Menkeu Purbaya sendiri ternyata  keukeuh dengan langkahnya. Dia tetap bergeming bahwa pemangkasan itu sudah benar adanya. Selain faktor efisiensi, dia juga mengungkapkan fakta lain yang memberi kesan bahwa Pemda sendiri selama ini juga belum maksimal membelanjakan dana APBD-nya.

Dia menegaskan meski besaran TKD 2026 turun dari Rp848,52 triliun menjadi Rp693 triliun, toh total dana APBN yang digelontorkan untuk program daerah 2026 menjadi Rp1.300 triliun atau naik Rp919,9 miliar dibandingkan tahun sebelumnya.

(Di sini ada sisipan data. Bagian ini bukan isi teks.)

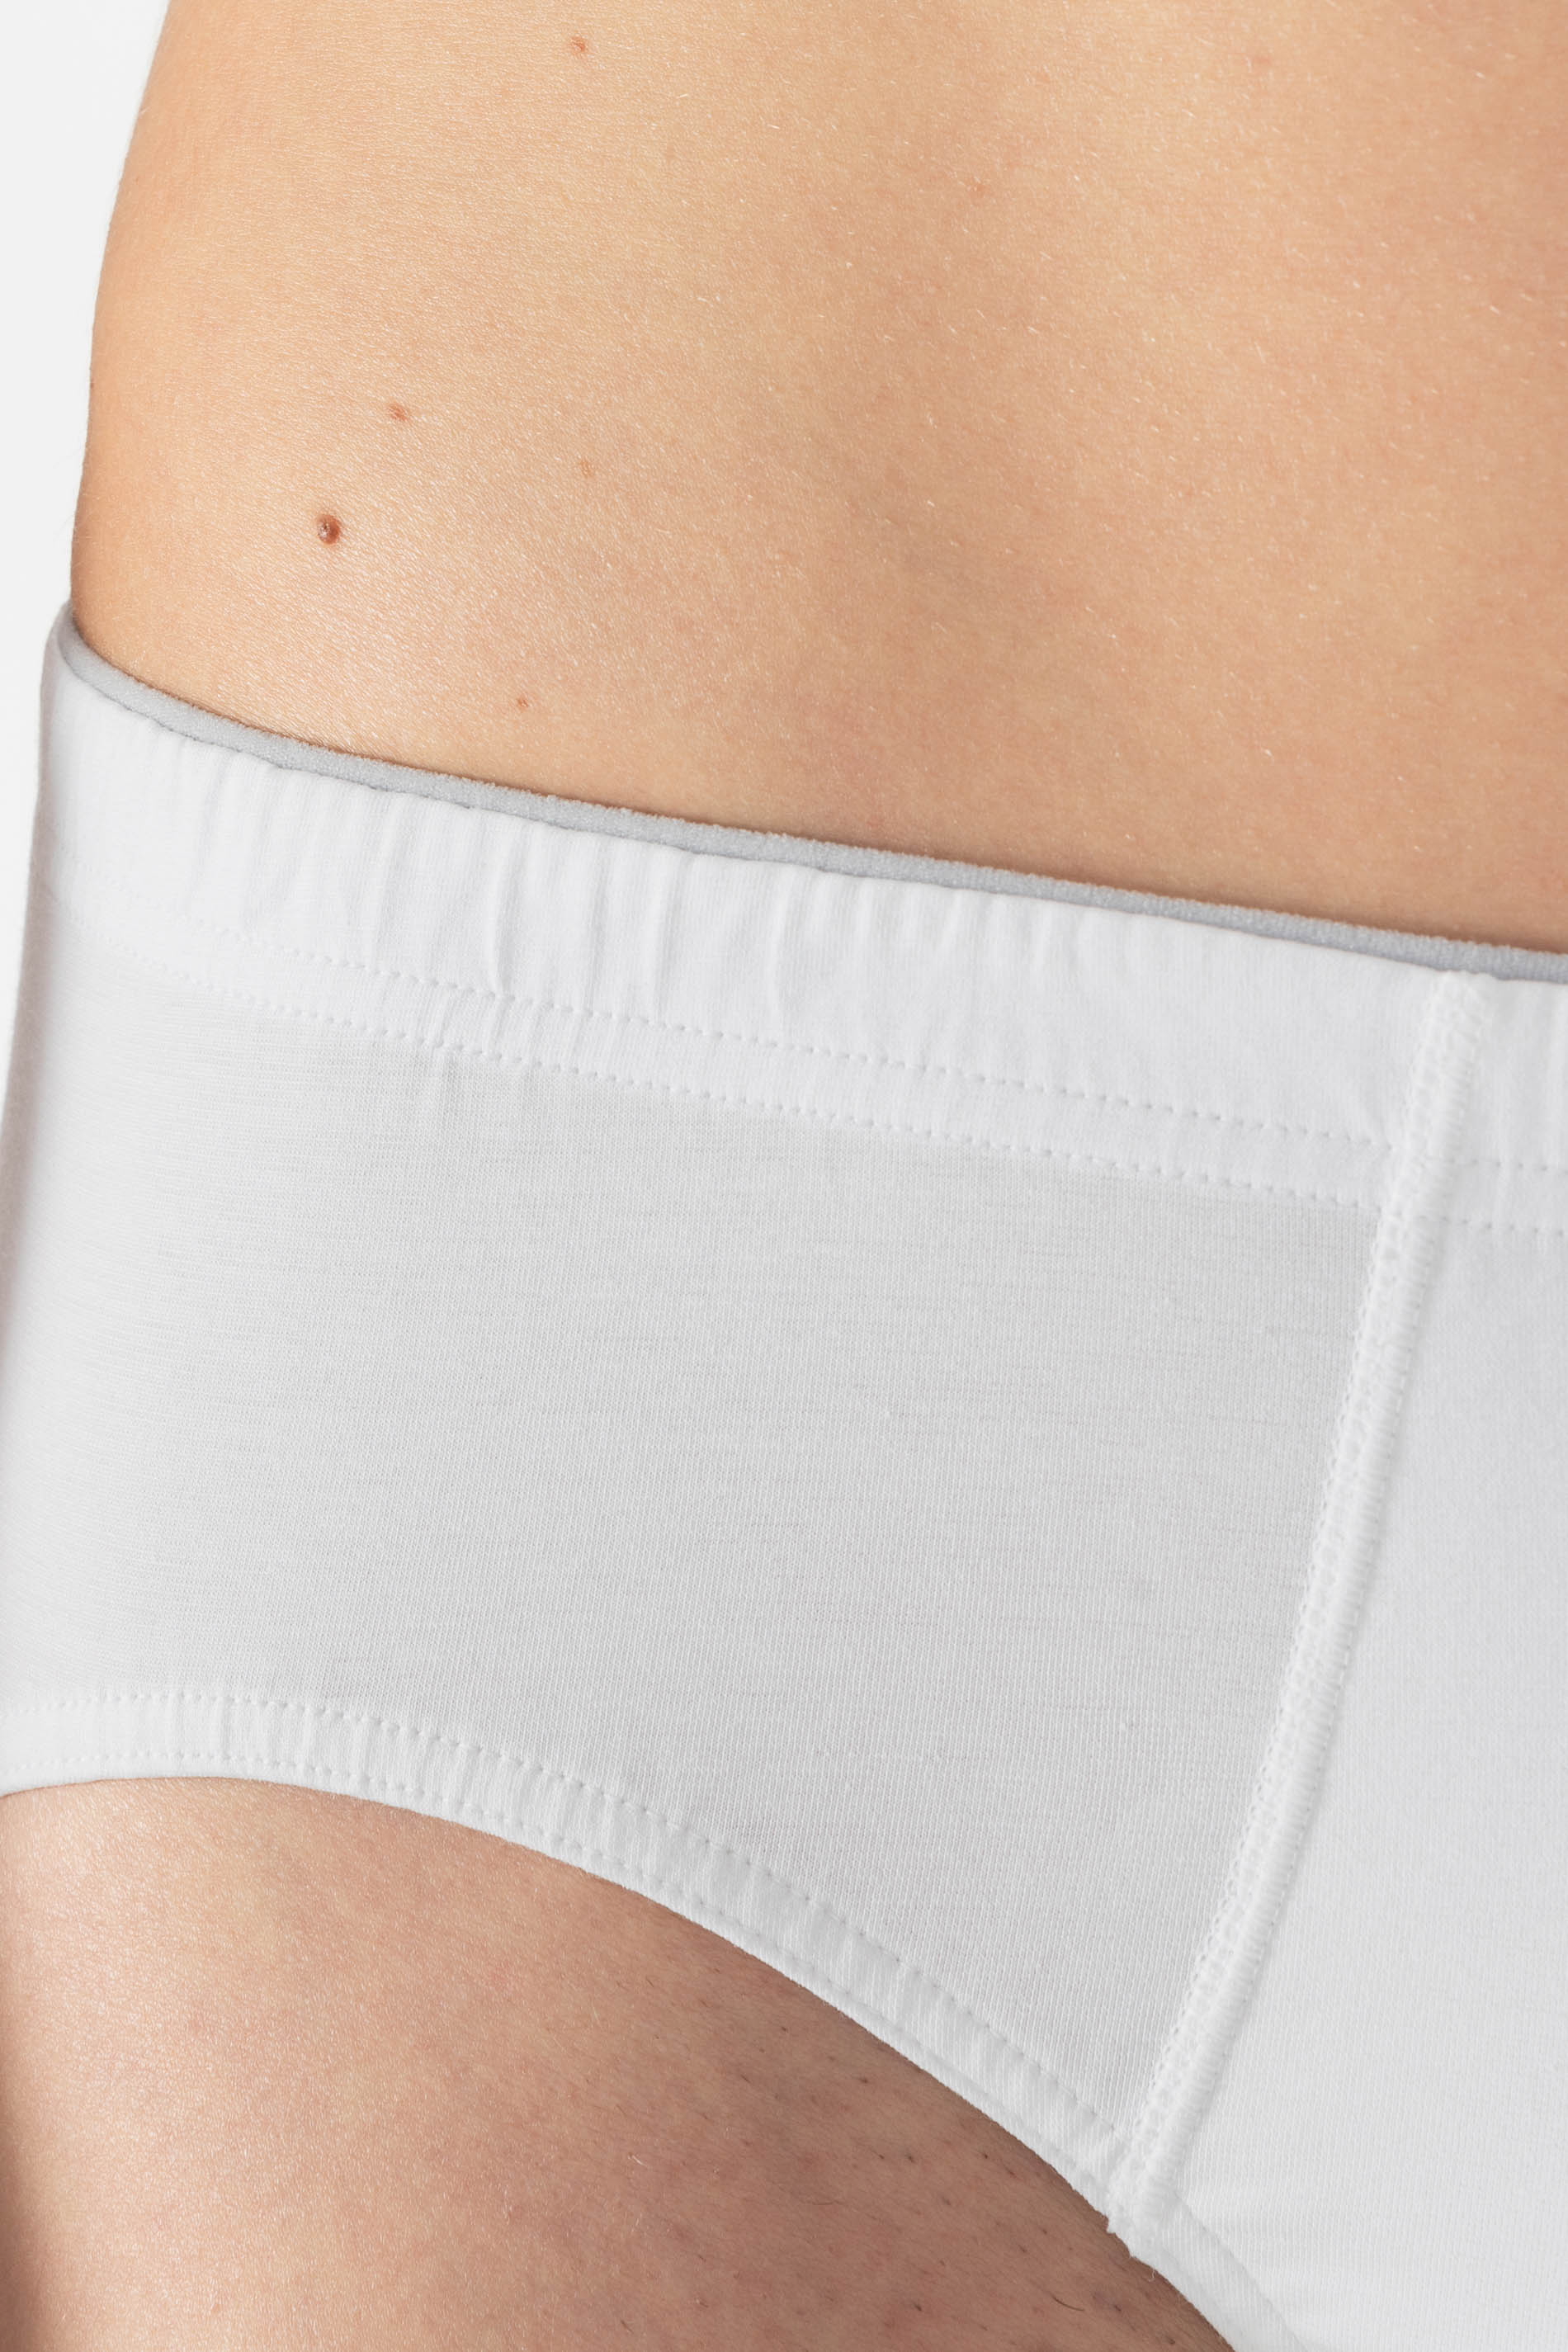 Jazz pants White Serie Dry Cotton Detail View 01 | mey®
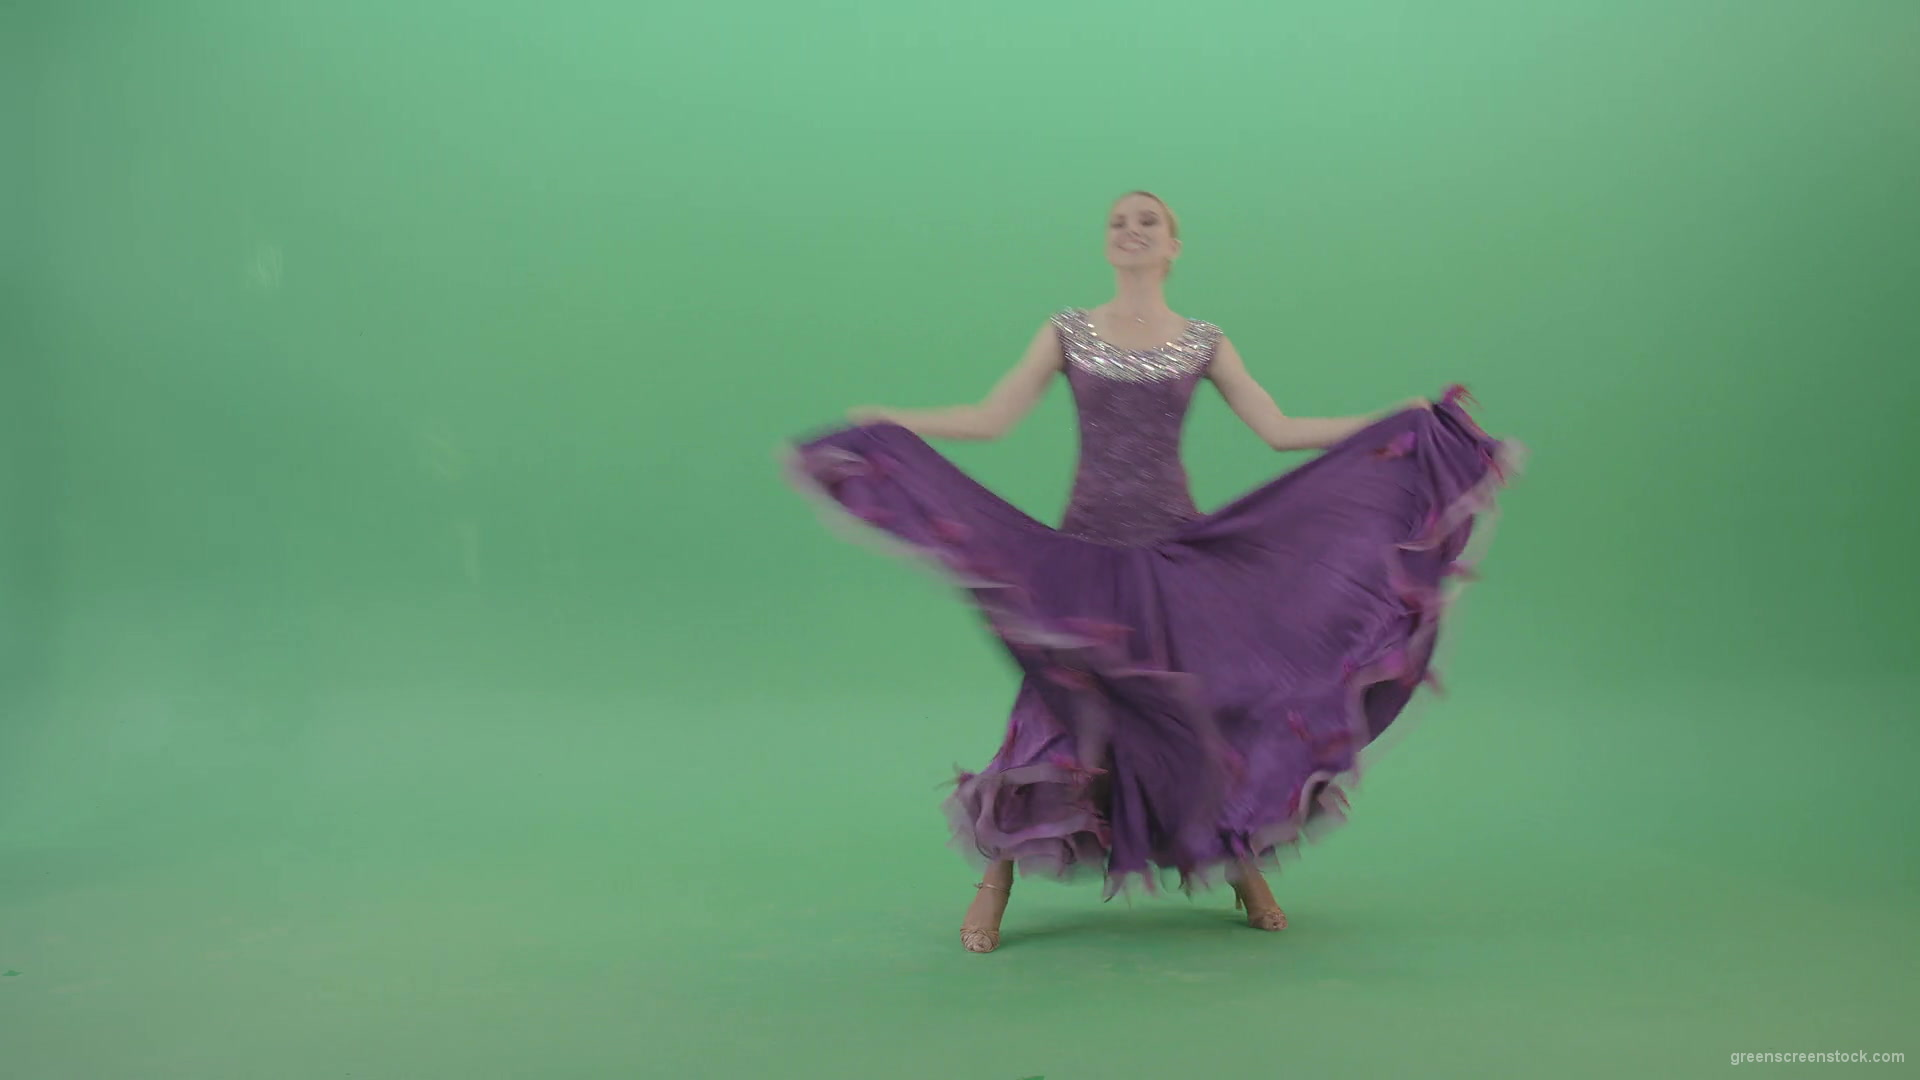 Elite-girl-in-violet-ballroom-dress-makes-reverence-bow-regards-on-green-screen-4K-Video-Footage-1920_005 Green Screen Stock

Dari sisi lain Purbaya mengungkapkan ada hal yang kontradiktif dalam pengakuan kepala daerah dengan data dari Bank Indonesia per 15 Oktober 2025. Di satu sisi daerah bilang kelimpungan dengan pemangkasan TKD, tetapi di sisi lain ada dana daerah yang mengendap di perbankan mencapai Rp233 triliun meliputi simpanan pemerintah kabupaten Rp134,2 triliun, pemerintah provinsi Rp60,2 triliun dan pemerintah kota Rp39,5 triliun.

Lalu beredar nama 15 daerah yang punya simpanan terbesar. Yaitu paling tinggi DKI Jakarta Rp14,68 triliun, menyusul Jatim Rp6,84 triliun, Kota Banjarbaru Rp5,17 triliun, Kaltara Rp4,7 triliun dan Jabar Rp4,17 triliun. Ada juga masuk Kabupaten Kutai Barat di urutan ke-7 dengan simpanan Rp3,2 triliun.

Nama Provinsi Kaltim sepertinya tidak ada dalam kelompok 15 besar? Tapi belakangan Kaltara melakukan klarifikasi. Menurut Kepala Badan Keuangan dan Aset Daerah (BPKAD) Kaltara, Denny Harianto, angka Rp4,7 triliun adalah angka di Kaltim bukan di provinsinya.

Meski protes pemangkasan TKD, para gubernur tetap minta selfie dengan Menkeu.(Ist)

Sementara itu Menteri Dalam Negeri Tito Karnavian dalam Rapat Koordinasi Pengendalian Inflasi Daerah, Senin (20/10) lalu mengungkapkanbahwa dana milik Pemda yang tersimpan di perbankan per  17 September 2025 tercatat Rp215 triliun.

Dari total dana tersebut,  simpanan pemerintah provinsi mencapai Rp64,95 trilliun, pemerintah kabupaten Rp119,92 triliun dan pemerintah kota Rp30,13 triliun.

Di tingkat provinsi yang terbesar adalah DKI Jakarta Rp19,48 triliun, menyusul Jawa Timur Rp5,79 triliun dan Kalimantan Selatan Rp5,3 triliun.

Kemudian Provinsi Kaltim sebesar Rp4,96 triliun (hampir Rp5 triliun), Jawa Barat Rp2,67 triliun, Sumatera Utara Rp2,08 triliun, Sumatera Selatan Rp1,86 triliun dan Kalimantan Barat Rp1,69 triliun.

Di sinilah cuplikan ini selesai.